_PROVIDED DATA_:
—————

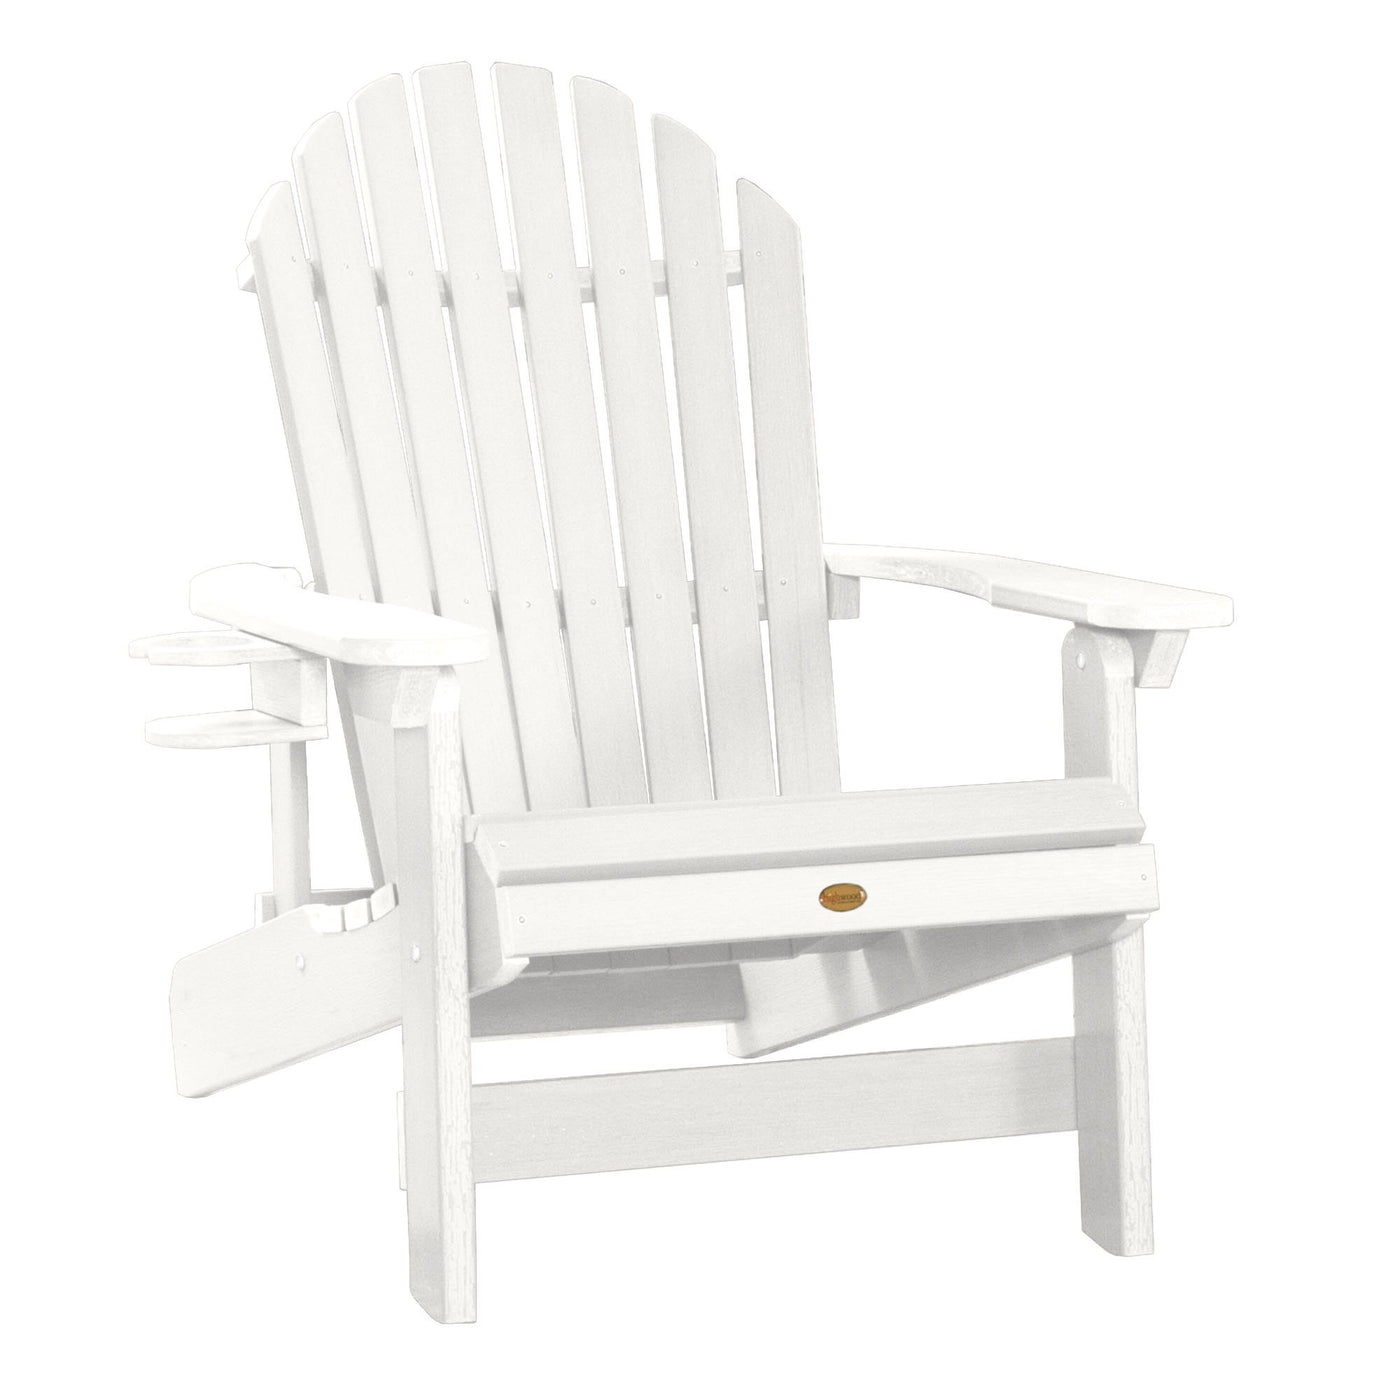 1 King Hamilton Folding and Reclining Adirondack Chair with 1 Easy-add Cup Holder Highwood USA White 
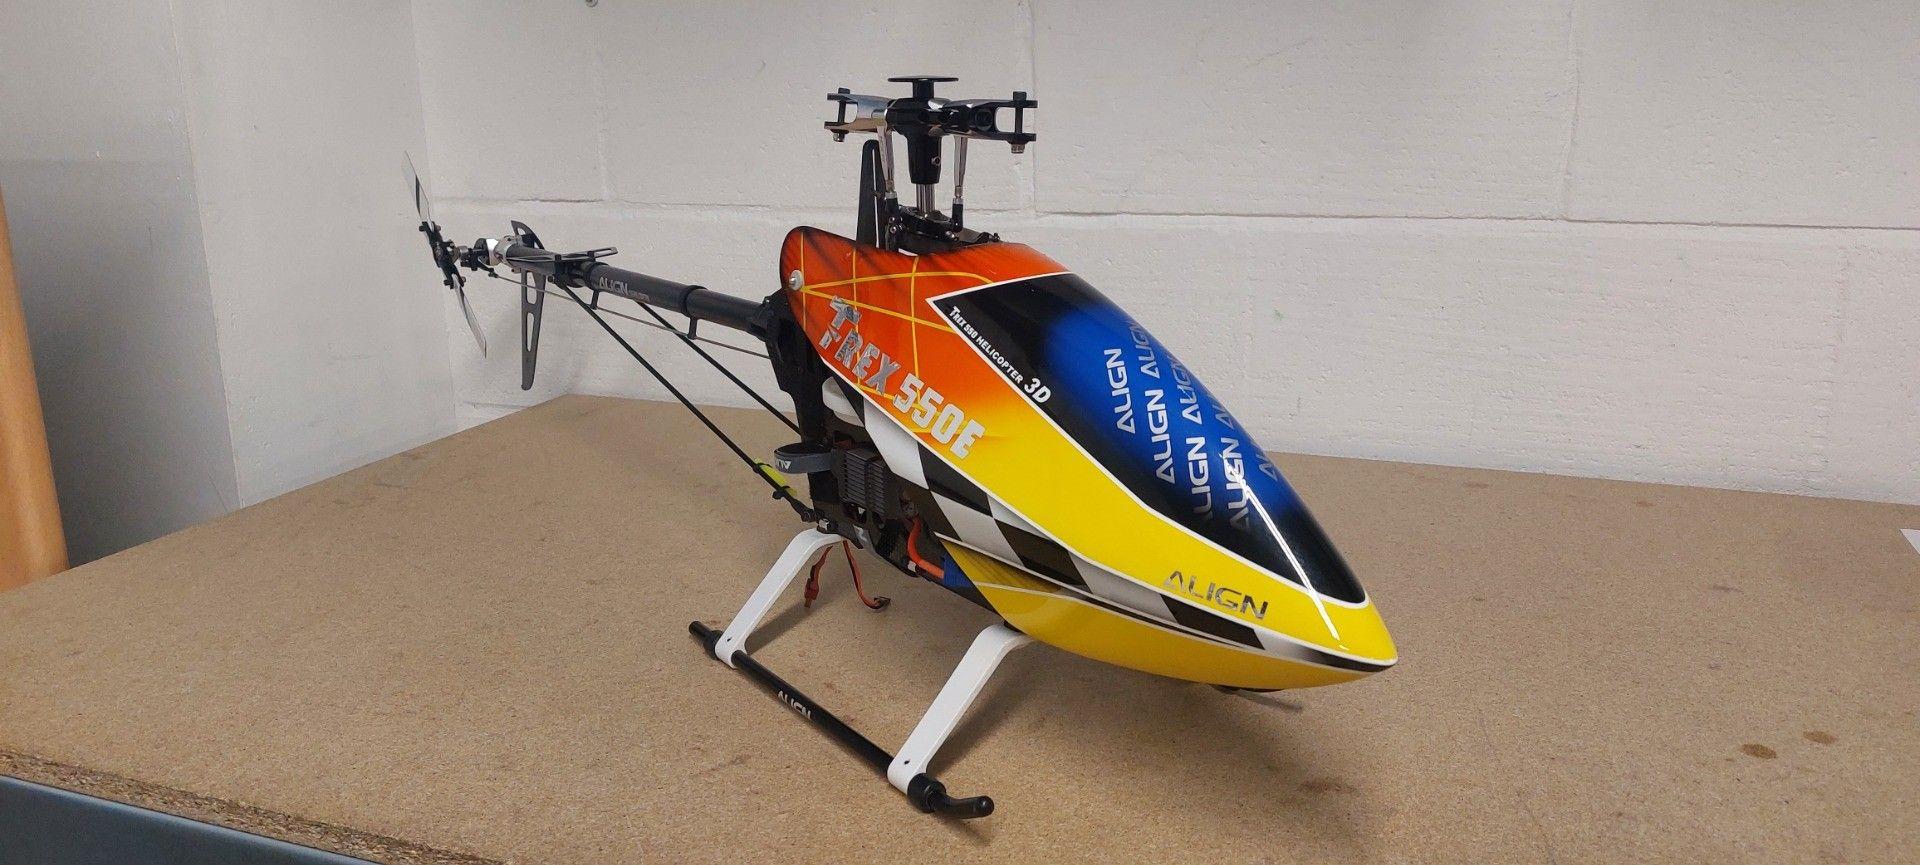 Align 550 Helicopter: Where to Buy: Top Retailers for the Align 550 Helicopter
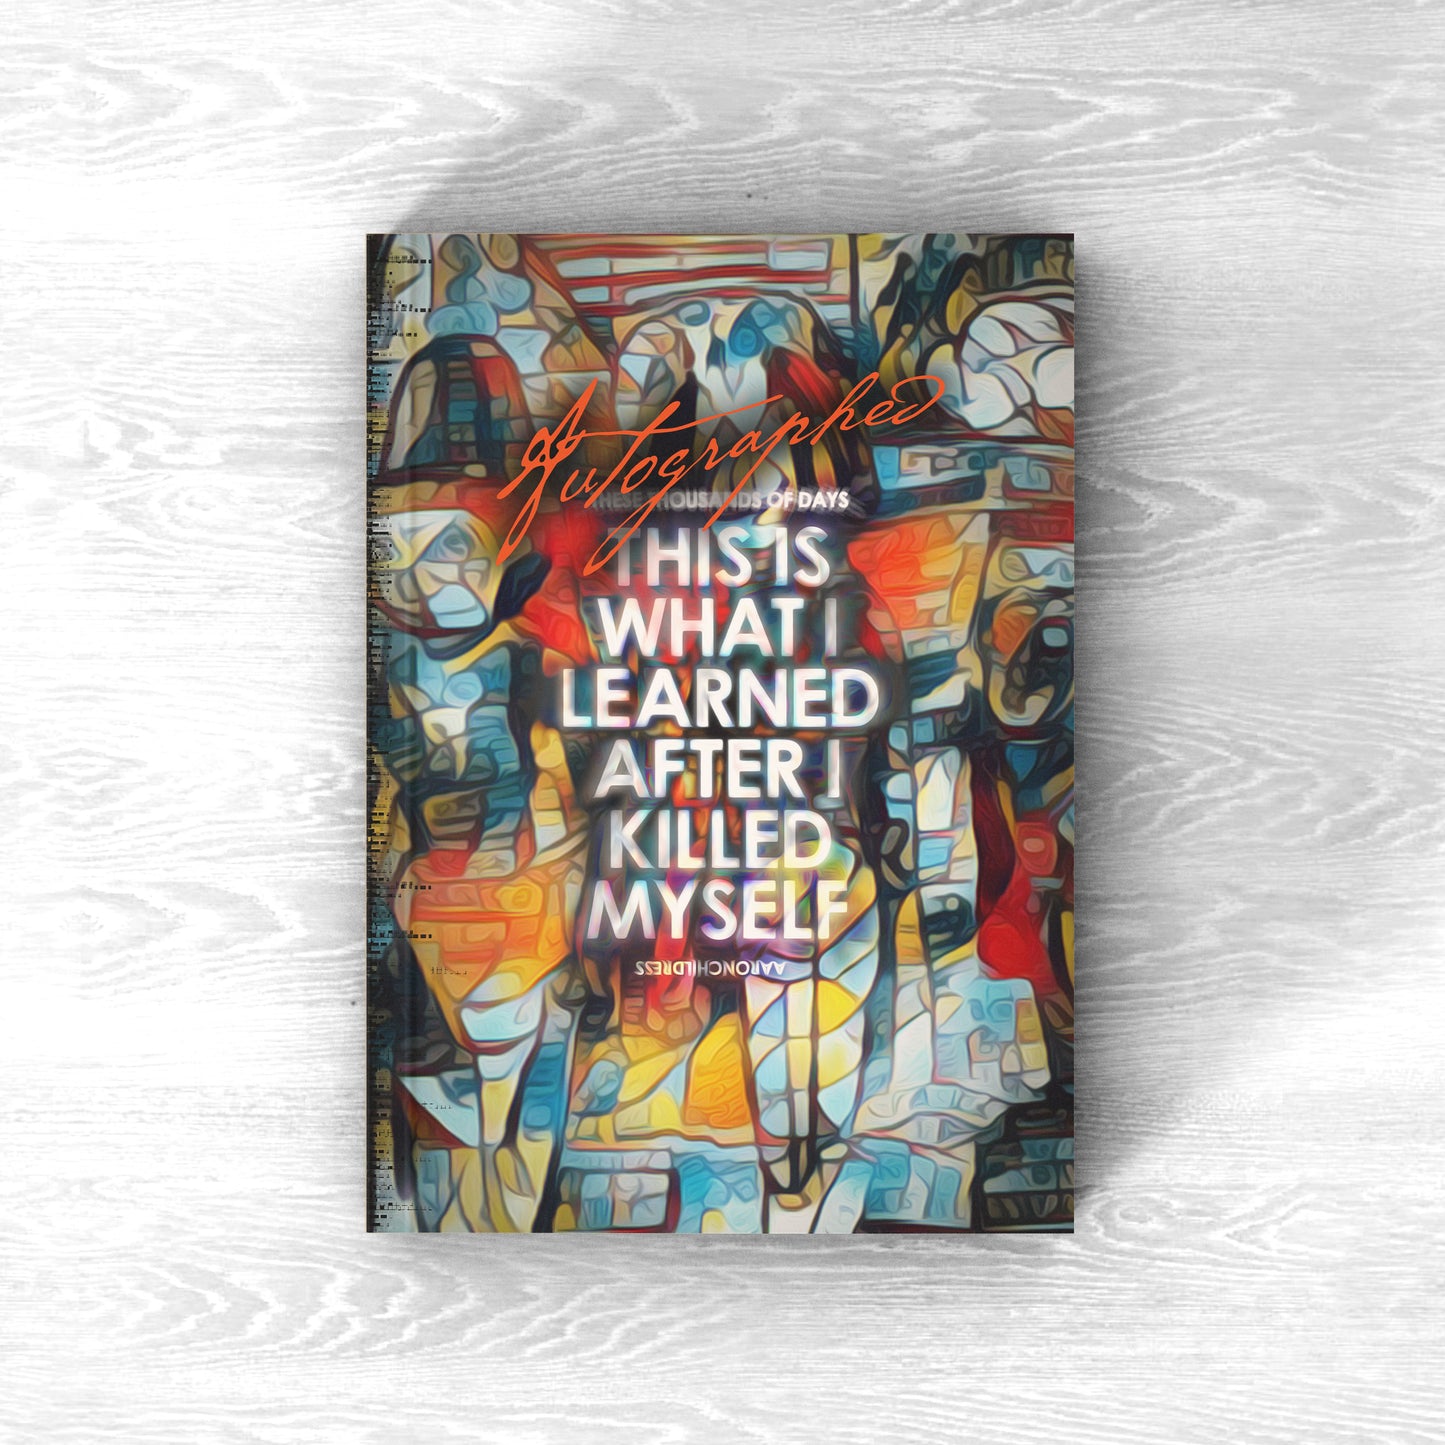 These Thousands of Days: This is What I Learned After I Killed Myself (Autographed) HARDBACK

—————

_TASK DETAILS_:
Return the full listing above exactly as written, and omit the pictures.

_RESULT FOR THIS TASK_:
 1 King Hamilton Folding and Reclining Adirondack Chair with 1 Easy-add Cup Holder Highwood USA White 
 Align 550 Helicopter: Where to Buy: Top Retailers for the Align 550 Helicopter
 These Thousands of Days: This is What I Learned After I Killed Myself (Autographed) HARDBACK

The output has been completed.